Jupyter Tiny Llama for Laptop:
- Save and re-load chats.
- Upload pdf or text files for analysis.
- Purchase access [here](https://buy.stripe.com/28ocNyf4pci78EMbJ9).

---
Prepared by Trelis Research.

Find Trelis on [HuggingFace](https://huggingface.co/Trelis) and [YouTube](https://www.youtube.com/@TrelisResearch).



#### HuggingFace Login (optional)
- You don't need this if you are using Trelis Function Calling Llama 2 7B, which is public.
- You do need this to access private/gated repositories.

In [1]:
# !pip install huggingface_hub
# from huggingface_hub import notebook_login

# notebook_login()

#### Google Drive Mounting (optional, but recommended)
This saves you time the next time you load the model.

If you don't use it, remove cache_dir from the model and tokeniser below.

In [2]:
cache_dir=''

In [3]:
# from google.colab import drive
# drive.mount('/content/drive')


In [4]:
# import os

# # This is the path to the Google Drive folder.
# drive_path = "/content/drive"

# # This is the path where you want to store your cache.
# cache_dir_path = os.path.join(drive_path, "My Drive/huggingface_cache")

# # Check if the Google Drive folder exists.
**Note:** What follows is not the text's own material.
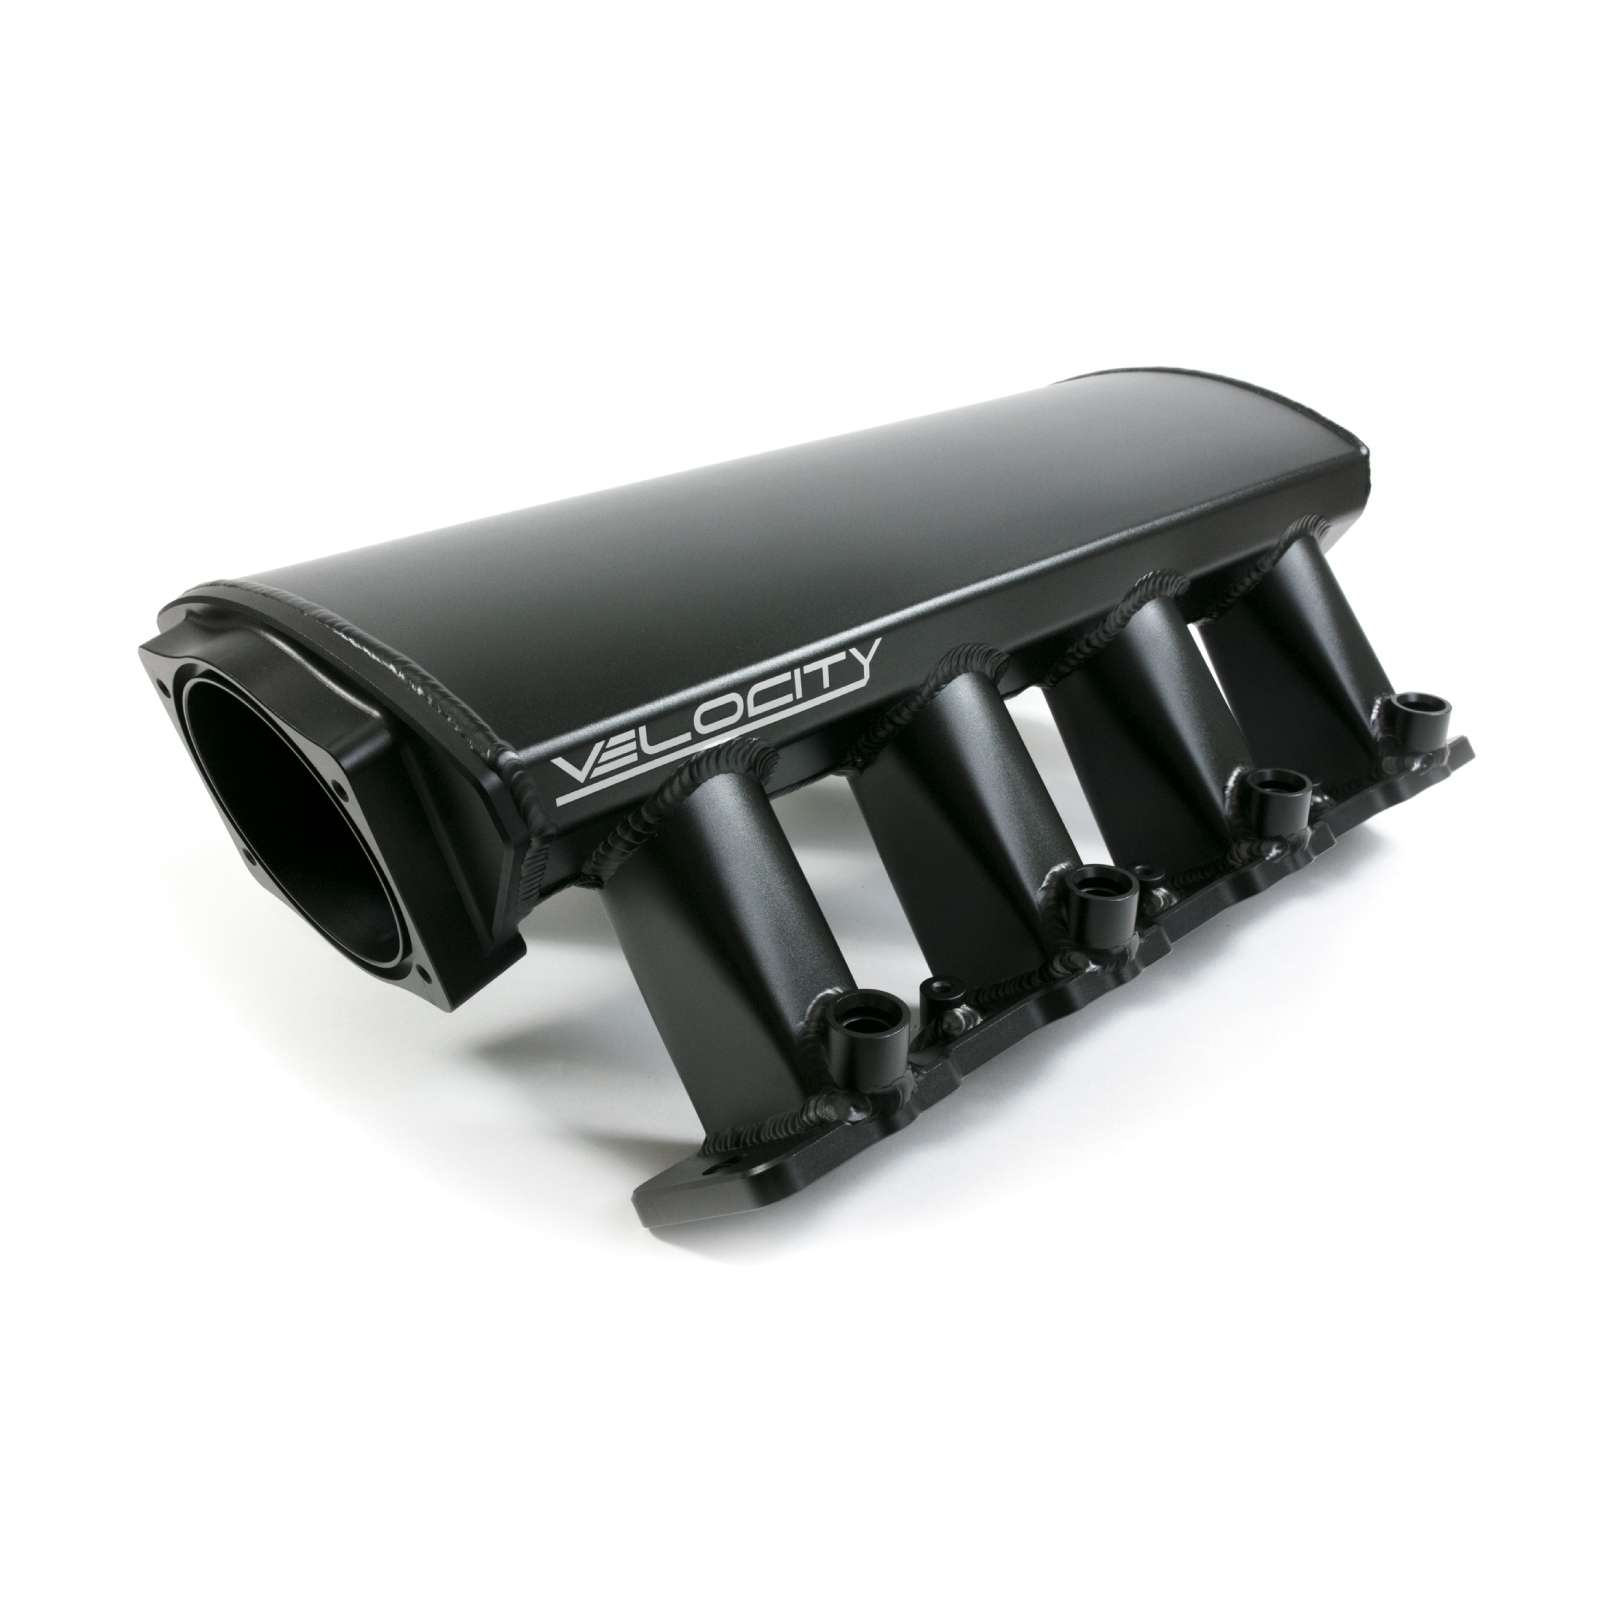 GM LS7 Raised Rectangle Port Angled Low Profile Clear Anodized TSP Velocity Fabricated Aluminum Intake Manifold

If it does, use it as the cache_dir.
# # If not, set cache_dir to None to use the default Hugging Face cache location.
# if os.path.exists(drive_path):
#     cache_dir = cache_dir_path
#     os.makedirs(cache_dir, exist_ok=True) # Ensure the directory exists
# else:
#     cache_dir = None

In [5]:
# https://stackoverflow.com/questions/56081324/why-are-google-colab-shell-commands-not-working
import locale
def getpreferredencoding(do_setlocale = True):
    return "UTF-8"
locale.getpreferredencoding = getpreferredencoding

# Setup and Install
- It's best to run Llama models on a GPU, which you can do using a free Colab notebook.
- Check the Google Colab runtime to the top right corner.
- Or, go to the menu -> Runtime -> Change Runtime Type.
- Select GPU (T4).

In [6]:
# Set the runtime to cpu or gpu. fLlama 7B (or 13B) requires too much RAM to work on cpu alone on a free or PRO Colab notebook - so use runtime = "gpu".
runtime = "gpu"  # OR "cpu"

if runtime == "cpu":
    runtimeFlag = "cpu"
elif runtime == "gpu":
    runtimeFlag = "cuda:0"
else:
    print("Invalid runtime. Please set it to either 'cpu' or 'gpu'.")
    runtimeFlag = None

print("Runtime flag is:", runtimeFlag)

Runtime flag is: cuda:0


In [7]:
### DEFINE THE HUGGING SPACE MODEL

# # 1.1B model
model_id = "PY007/TinyLlama-1.1B-Chat-v0.1"

# # 7B model
# model_id = "Trelis/Llama-2-7b-chat-hf-function-calling-v2"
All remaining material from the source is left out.